Директор вошел в ораторский азарт. Слова «Коминтерн», «коммунисты», «фашисты» пробудили в нем желание говорить дальше.
Я смеялся и ждал, что после этой речи директора обо мне меня освищут.
«Слава Богу, — думал я, — что, когда я буду говорить, публике не будет видно мое лицо».
— Я сам видел у него письмо от Троцкого, в котором тот предлагал нашему диктору выступать по радио перед миллионами. Но наш диктор — беспартийный, и ему безразличны и Троцкий, и Муссолини, — продолжал мой хозяин.
Вдруг директор спохватился, что слишком уж разрекламировал меня. Он прекратил вопить и сменил тон:
— Наш диктор происходит, господа рабочие, из вашей среды. Он плоть от вашей плоти. Когда-то он голодал, умирал за кусок хлеба, ходил голый и босой, пока не начал свою блестящую карьеру…

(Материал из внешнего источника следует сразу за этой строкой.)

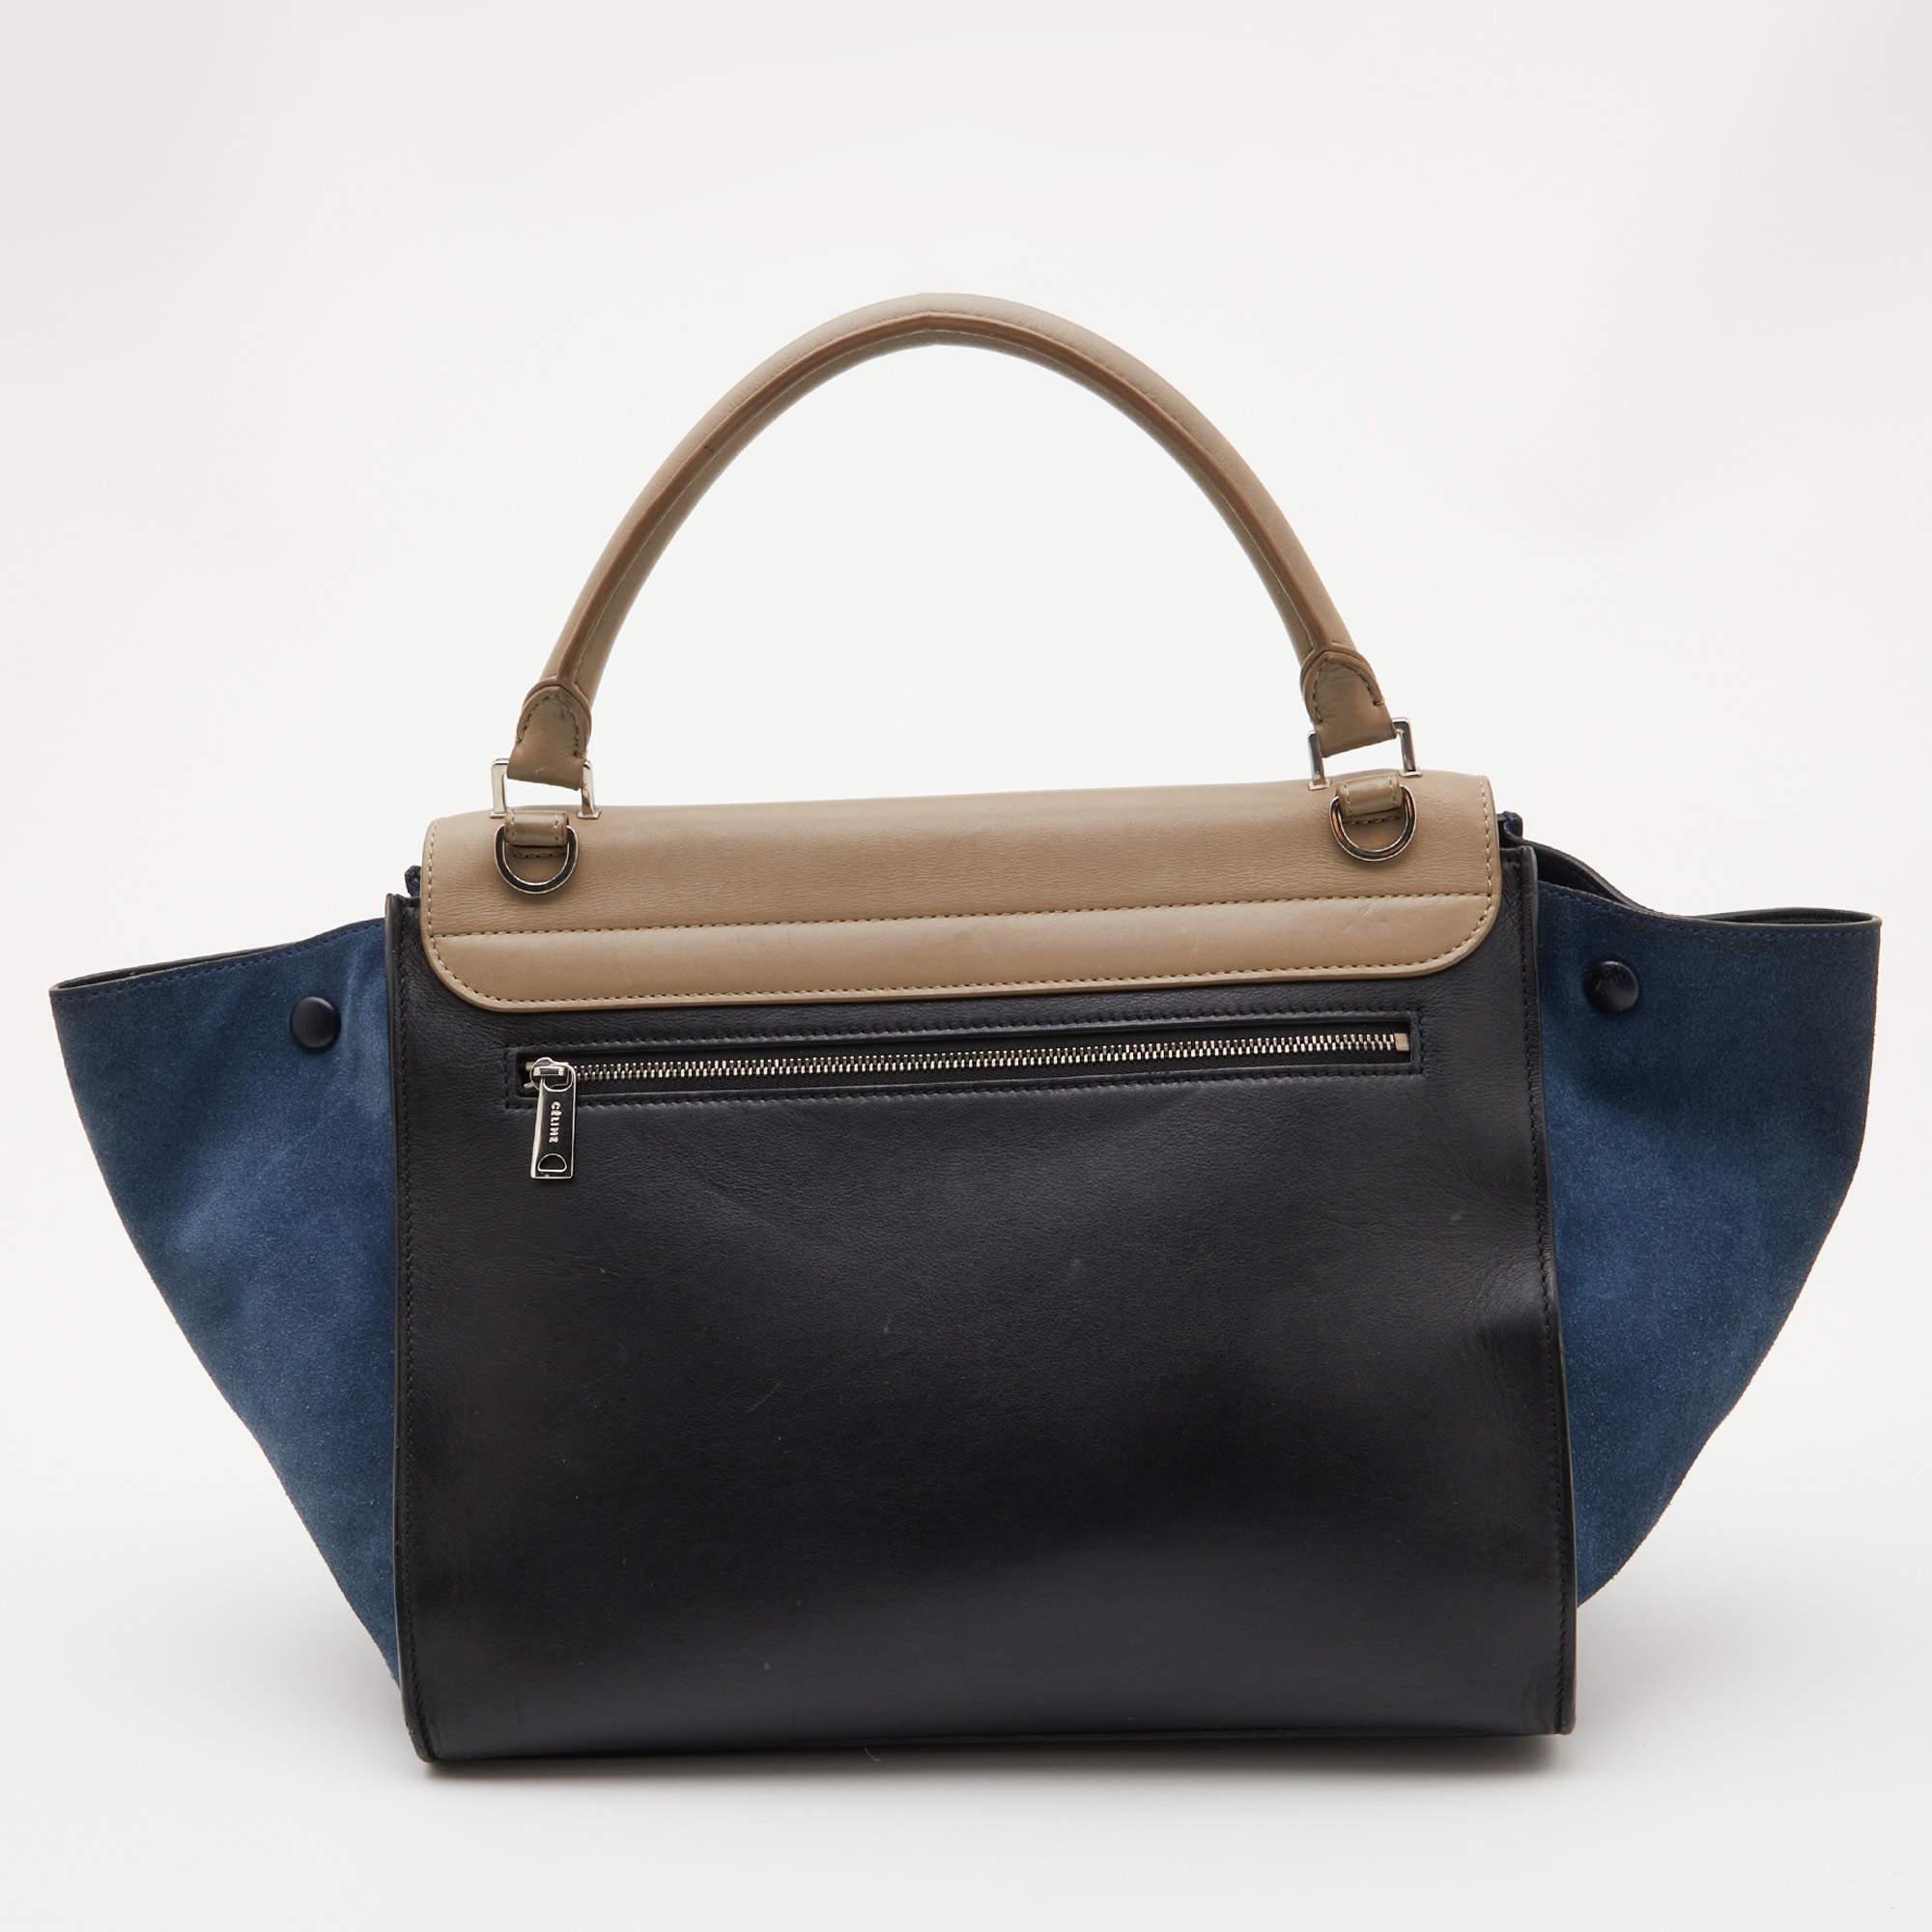 Featuring a simple yet luxurious style, this Celine bag is a thoughtful purchase with its classy aesthetics. Crafted from leather and suede, it is characterized by flappy wings, silver-tone hardware, and a back zipper pocket. The front flap of this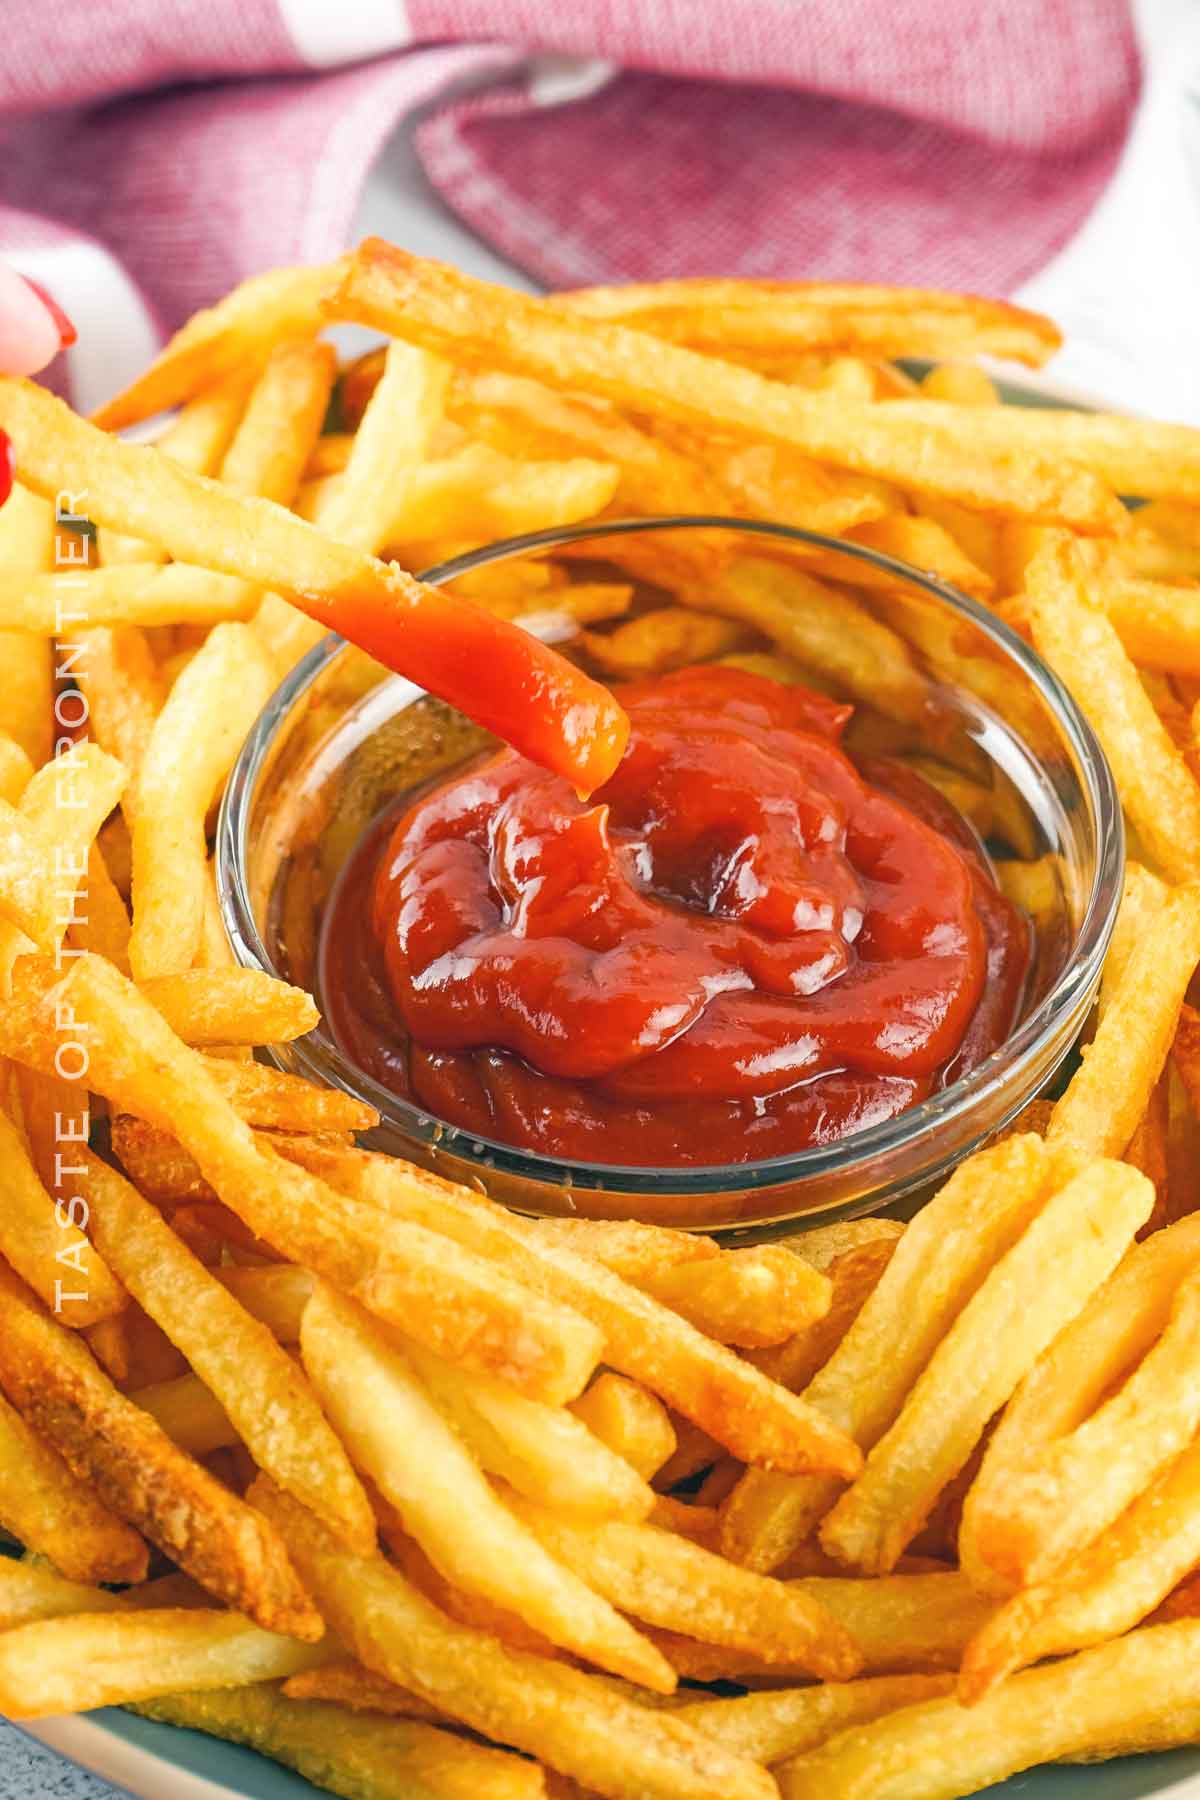 fries with ketchup

Народ от директорских речей заскучал. Некоторые рабочие начали открыто смеяться.
— Хватит! — бросил кто-то твердое, как кулак, слово прямо в лицо директору.
— Давайте послушаем диктора!
— Хватит! Хорош трепаться!
Тут только директор заметил, что пора заканчивать. Он поклонился несколько раз, улыбнулся и покинул сцену, говоря при этом:
— Господа рабочие, сеанс начинается. Сейчас вы услышите диктора.
Мне хотелось убежать. Какой из меня диктор? Я еще никогда не говорил перед большим скоплением народа. Директор крепко подставил меня.
— Ну-с, посмотрим, что вы можете! — и директор хлопнул меня по плечу, уходя со сцены.
Я ничего не ответил. Я был готов к тому, что меня освищут. Был дан последний звонок, и стало темно. Из кабины киномеханика световым потоком хлынул фильм. На экране появилось изображение.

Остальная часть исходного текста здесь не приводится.